The function compute-restarts returns a list of visible restarts, each value of which includes a :farolero.core/restart-name key containing the restart's name.

One restart is always bound, named :farolero.core/throw. It immediately throws the condition using ex-info.

A dual to restart-case and mirror to handler-bind is restart-bind. It has the same syntax as handler-bind, and when a restart is invoked, it is invoked as a normal function and does not unwind the stack. This is generally not particularly useful as if non-local transfer of control does not occur in the restart, it will return to the code calling it, likely meaning that further handlers will be invoked.
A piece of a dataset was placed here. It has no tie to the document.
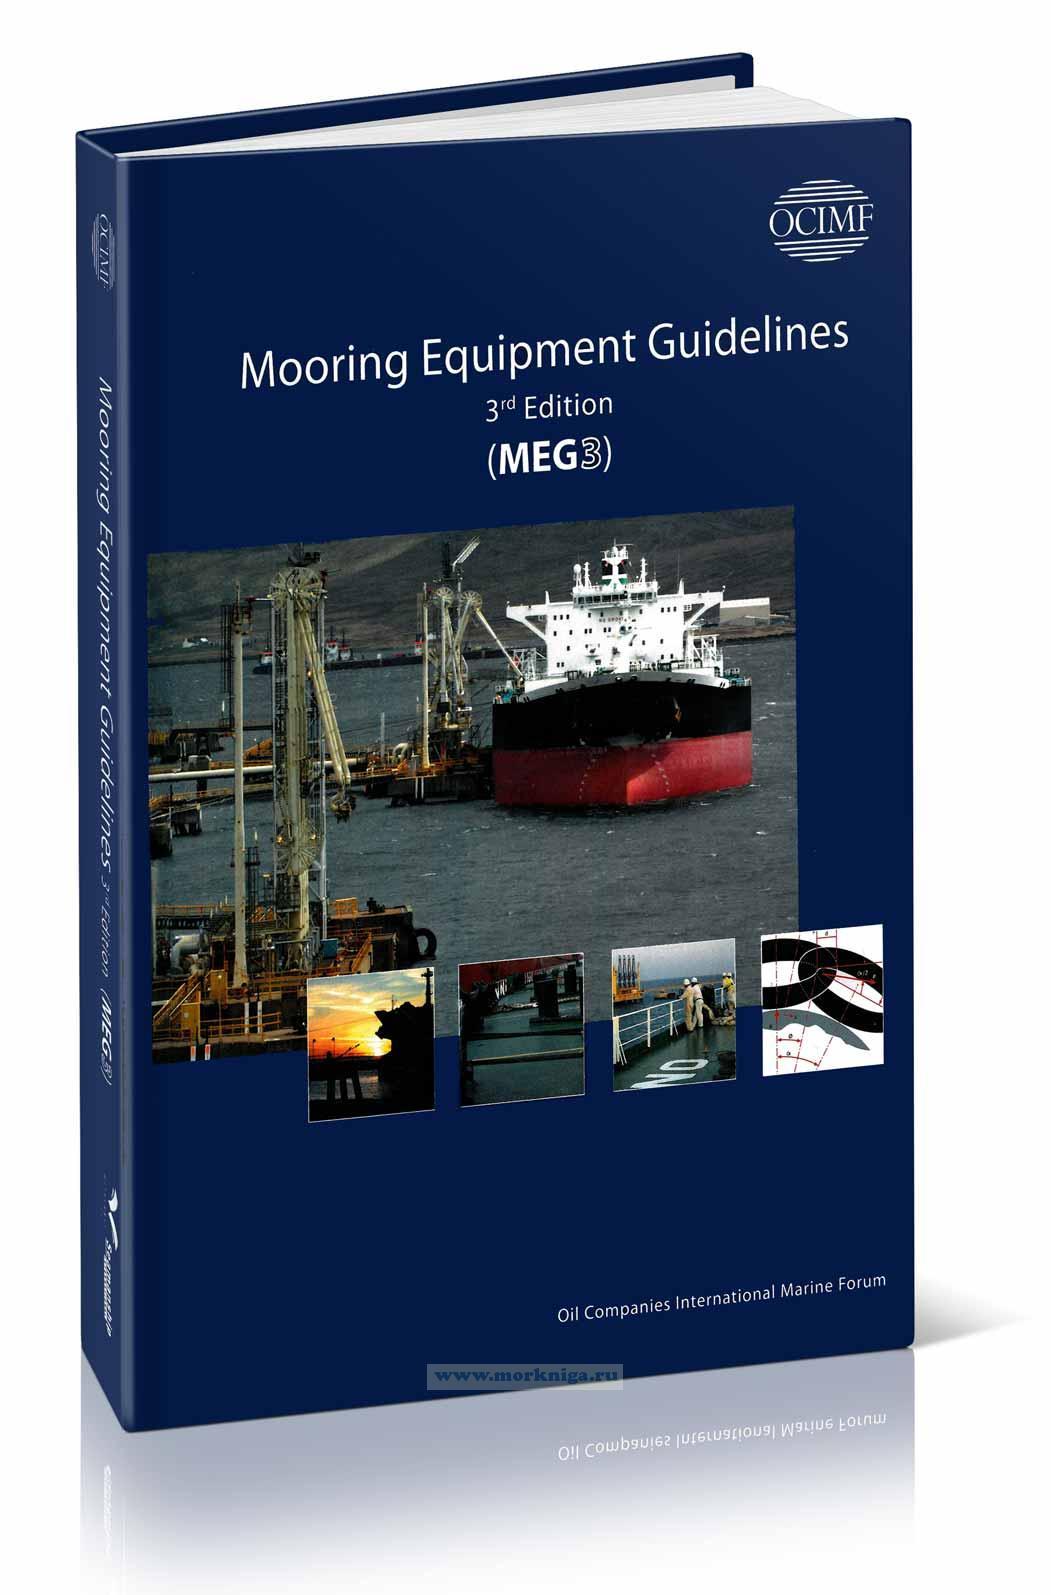 mooring equipment guidelines rh morkniga ru mooring equipment guidelines 3rd edition mooring equipment guidelines (meg4) draft

The primary use of this macro is in the implementation of additional facilities built atop restarts, such as restart-case.
The Debugger
When error or cerror is called and no handler is bound for the condition being signaled, the debugger is invoked using the function invoke-debugger.
(restart-case (error ::ayy) (::some-restart []) (::some-other-restart [])) ;; Debugger level 1 entered on :user/ayy ;; :user/ayy was signaled with arguments nil ;; 0 [:user/some-restart] :user/some-restart ;; 1 [:user/some-other-restart] :user/some-other-restart ;; 2 [:farolero.core/throw] Throw the condition as an exception ;; user> 0 ;; Provide an expression that evaluates to the argument list for the restart ;; user> nil ;; => nil
When the debugger is invoked, it reports the condition which triggered it, and lists the restarts available in the current context. If you enter a simple number that's an index of one of the available restarts, then that restart will be invoked interactively, prompting the user for input. If the restart has no special handling for being invoked interactively, as the restarts above, a default interactive handler will be used.

Instead of using a number, arbitrary expressions may be evaluated at the debugger before providing a restart to continue with. This may be used to get the program into a state where the error may be continued from without issues.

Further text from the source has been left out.